Beritane.com – Pada Rabu (4/9/2024), Presiden Filipina Ferdinand Marcos Jr mengungkapkan rasa terima kasihnya kepada Indonesia atas penangkapan mantan Wali Kota Bamban, Alice Guo, yang terjadi di Tangerang, Banten.
Penangkapan Guo berlangsung pada Selasa (3/9/2024) pukul 23.58 WIB, dan telah dikonfirmasi oleh Departemen Kehakiman Filipina melalui Kepala Bagian Kejahatan Internasional (Jatinter) Divisi Hubungan Internasional Polri, Kombes Audie S. Latuheru.
Presiden Filipina Marcos menyampaikan pernyataan di media sosialnya, “Biarkan ini menjadi peringatan bagi mereka yang mencoba menghindari keadilan: Tindakan itu sia-sia. Hukum itu bertangan panjang dan akan menjangkau kalian,” seperti yang dilaporkan oleh kantor berita AFP.
Menteri Kehakiman Filipina, Jesus Crispin Remulla, menyebutkan bahwa penangkapan Guo merupakan bukti dari dedikasi lembaga penegak hukum Filipina dan kekuatan kerja sama internasional dalam mengejar buron.
Alice Guo, yang juga dikenal sebagai Guo Hua Ping, sebelumnya menjabat sebagai Wali Kota Bamban dan kini dituduh terlibat dalam perdagangan manusia serta berhubungan dengan sindikat kriminal China.
Alice Guo melarikan diri setelah dikaitkan dengan pusat perjudian online yang beroperasi dari China, di mana ratusan orang dipaksa terlibat dalam penipuan atau terancam kekerasan.
Selain itu, Guo juga dituduh sebagai mata-mata China yang menyamar untuk mencalonkan diri sebagai pejabat Filipina.
Guo telah menjadi buronan Senat Filipina karena menolak hadir dalam sidang mengenai keterlibatannya dalam operasi penipuan pertanian di Bamban, menghadapi tuduhan korupsi, pencucian uang, dan perdagangan manusia.
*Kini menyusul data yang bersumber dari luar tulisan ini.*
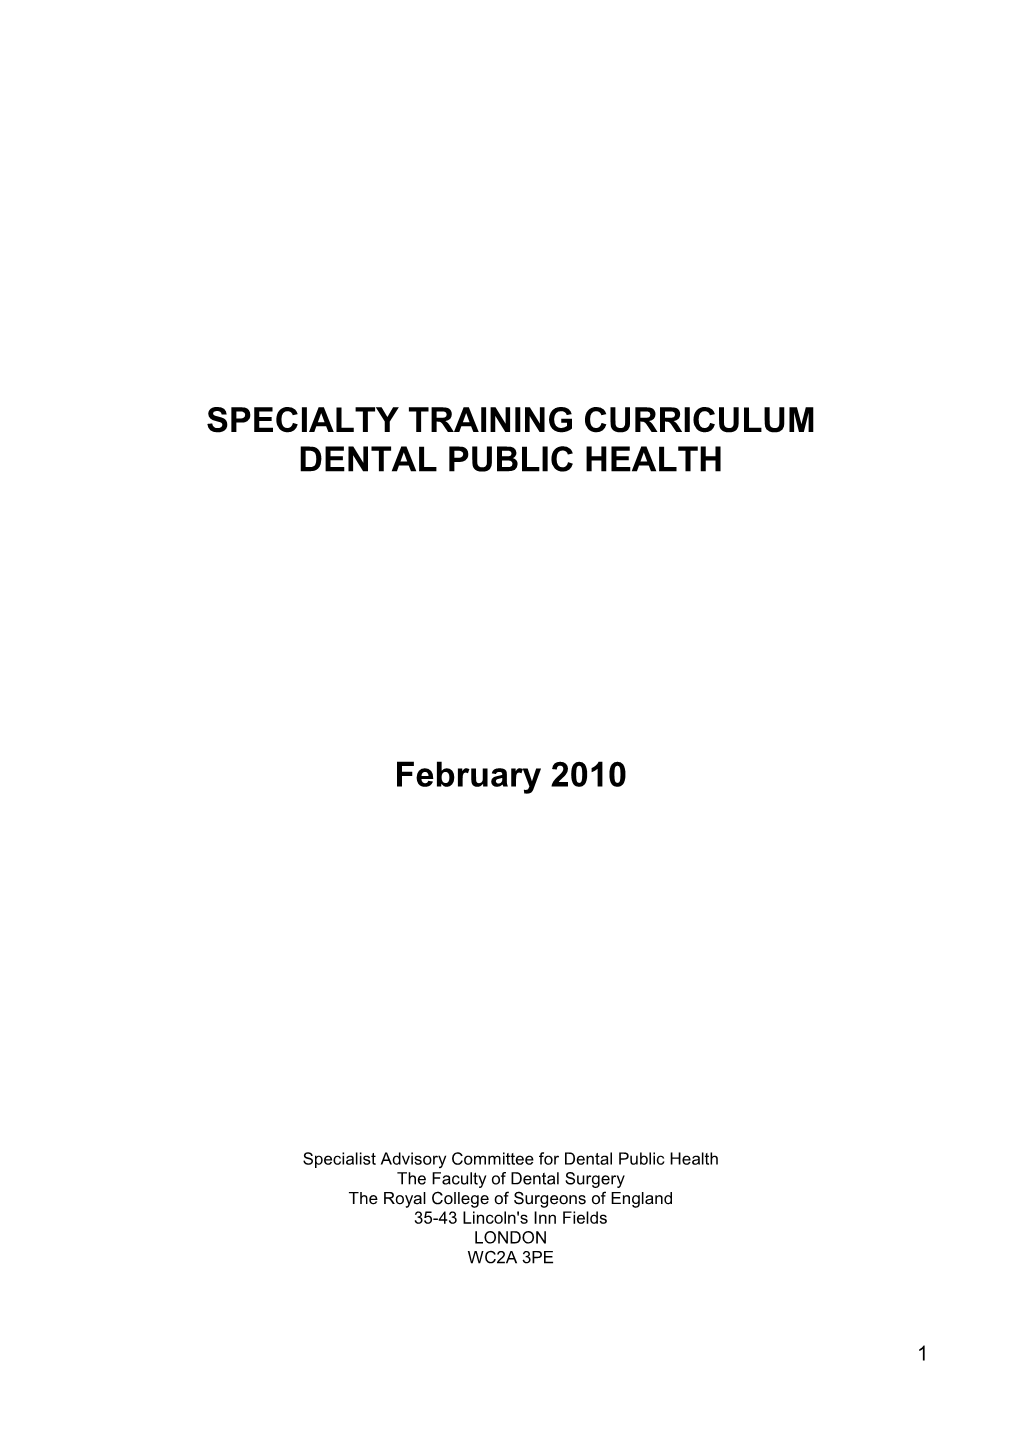 Specialty Training Curriculum in Dental Public Health

Juru bicara Biro Imigrasi Filipina, Dana Sandoval, menjelaskan kepada AFP bahwa Indonesia menganggap Guo sebagai orang asing ilegal karena statusnya sebagai buron di Filipina dan adanya kesalahan penafsiran kewarganegaraan di paspornya.
Kepala Divisi Hubungan Internasional Polri, Inspektur Jenderal Krishna Murti, menegaskan bahwa penangkapan Guo merupakan hasil dari kerja sama antara Indonesia dan Filipina.
“Upaya dalam membantu pengejaran buron ini adalah bagian dari kerja sama dengan Pemerintah Filipina. Detail penangkapan akan disampaikan kemudian,” kata Krishna kepada wartawan pada Rabu (4/9/2024).
Filipina kini meminta ekstradisi Guo, dan Biro Imigrasi Manila serta Biro Investigasi Nasional (NBI) sedang bekerja sama dengan otoritas Indonesia untuk proses kepulangan Guo secepat mungkin, menurut Direktur NBI Jaime Santiago kepada AFP.